Primeiramente, quero te falar sobre a “crise” no Brasil. Tudo começou há alguns dias, quando fui ao Outback com minha esposa e um casal de amigos. 

Esse é um restaurante caro (um casal gasta em média R$ 150,00 por uma refeição ali -- cerca de 17% de um salário mínimo!) e para minha surpresa, ao chegarmos lá aguardamos cerca de duas horas para sermos atendidos. Tentei me lembrar da última vez que visitei um shopping ou hipermercado e vi o estacionamento vazio. Concluí que não me lembro.
Lembrei-me de quando visitei um restaurante caro em Taubaté com minha esposa e outro casal, três meses atrás. Lá um casal paga em média R$ 350 por uma refeição (cerca de 38% de um salário mínimo!) e para minha surpresa, tive que reservar uma mesa com uns dois dias de antecedência. Conversando com um amigo do trabalho, ele me relatou que no final de março foi a Ubatuba e que naquele fim de semana essa cidade litorânea de SP estava cheia.
Incomodado com essas lembranças e informações, passei a pesquisar sobre a economia do Brasil, frente a outras economias, e cheguei aos seguintes dados:

Em termos de índice de desemprego, temos os seguintes números: Brasil 13,2%, Espanha 18,9%, Grécia 23,3%, Portugal 13%, Itália 12,4%, França 10,5%, Finlândia 9,2%, Áustria 8,9% e Uruguai 8,1%.

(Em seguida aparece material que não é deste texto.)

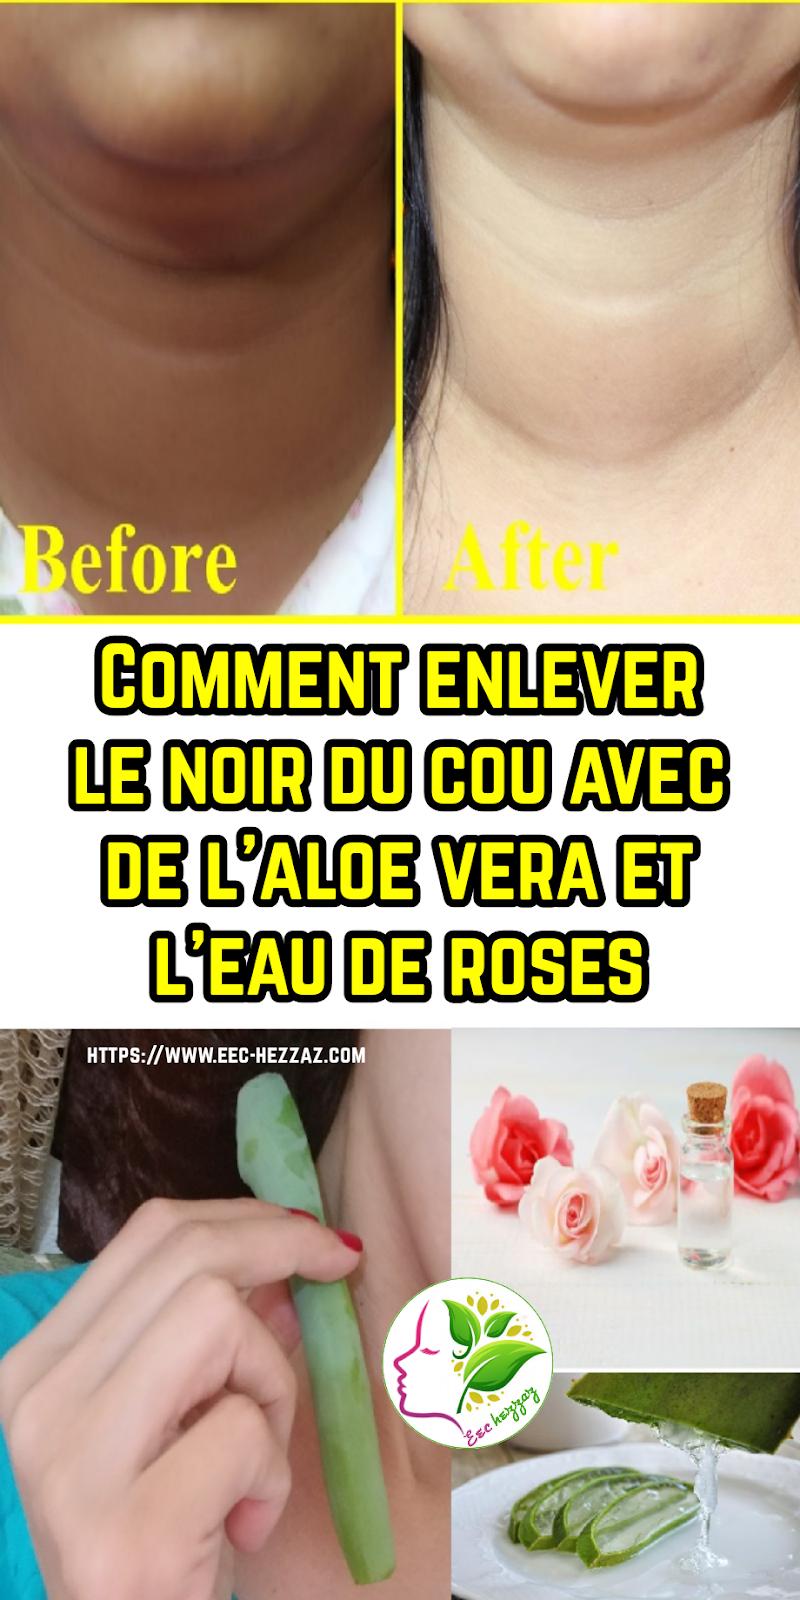 Comment enlever le noir du cou avec de l'aloe vera et l'eau de roses

Entretanto, o índice de desemprego quer dizer bem pouco sobre a economia de um país. Veja os seguintes índices: EUA 4,7%, Venezuela 7,3% e Cuba 2,4%. Nem preciso dizer como a atual economia entre esses países são distintas entre si!
O índice de desemprego no Brasil não considera a mão-de-obra informal (aquele pessoal que não tem carteira assinada e nem empresa -- ME, EPP ou MEI). No Brasil existem cerca de 10 milhões de trabalhadores nessas condições.

A crise financeira de 2008 levou à falência o Lehman Brothers, o quarto maior banco de investimentos dos Estados Unidos. Além disso e por conta dessa mesma crise, alguns bancos americanos e europeus receberam socorro bilionário de seus respectivos governos. Agora veja a situação de dois dos maiores bancos que atuam no Brasil em 2016: Itaú (lucro liquido/2015 = R$ 23,3 bilhões e lucro liquido/2016 = R$ 21,6 bilhões) e Bradesco (lucro liquido/2015 = R$ 17,19 bilhões e lucro liquido/2016 = R$ 15,08 bilhões). Repare que estamos falando de lucro líquido, isto é, depois de pagar todo custo operacional, foram esses bilhões que “sobraram”.

Sobre a CPMF, um dado para deixar clara a robustez de nossa economia: a alíquota deste tributo, discutida pelo governo federal varia entre 0,32% e 0,5%. Esse tributo seria cobrado sobre movimentações financeiras bancárias, isto é, transferências entre contas, desconto de cheque... com uma alíquota relativamente pequena e cobrada especificamente sobre a transferência de capital o governo pretende arrecadar, nas projeções mais conservadoras, algo em torno de R$ 30 bilhões. Em uma crise, não deveria haver tanta movimentação de capital assim!

Sobre a queda de vendas de carros no Brasil, mesmo com as sucessivas quedas, ainda se vendem mais de 2 milhões de carros zero por ano no país. Entretanto, a venda de carros seminovos manteve-se estável no ano passado.
Sobre o custo da mão de obra e a precarização das ralações trabalhistas, te convido a fazer duas reflexões:

1º - Não é o custo da mão de obra que define o quantitativo dos postos de trabalho. É a demanda. Explico: um empregador nunca vai contratar alguém porque é barato. Ele vai contratar alguém porque ele precisa daquela mão de obra para fabricar algo que gerará lucro. Ainda que a mão de obra custe R$ 20 mil, se houver a possibilidade de lucrar com isso, o empresário pagará esse salário.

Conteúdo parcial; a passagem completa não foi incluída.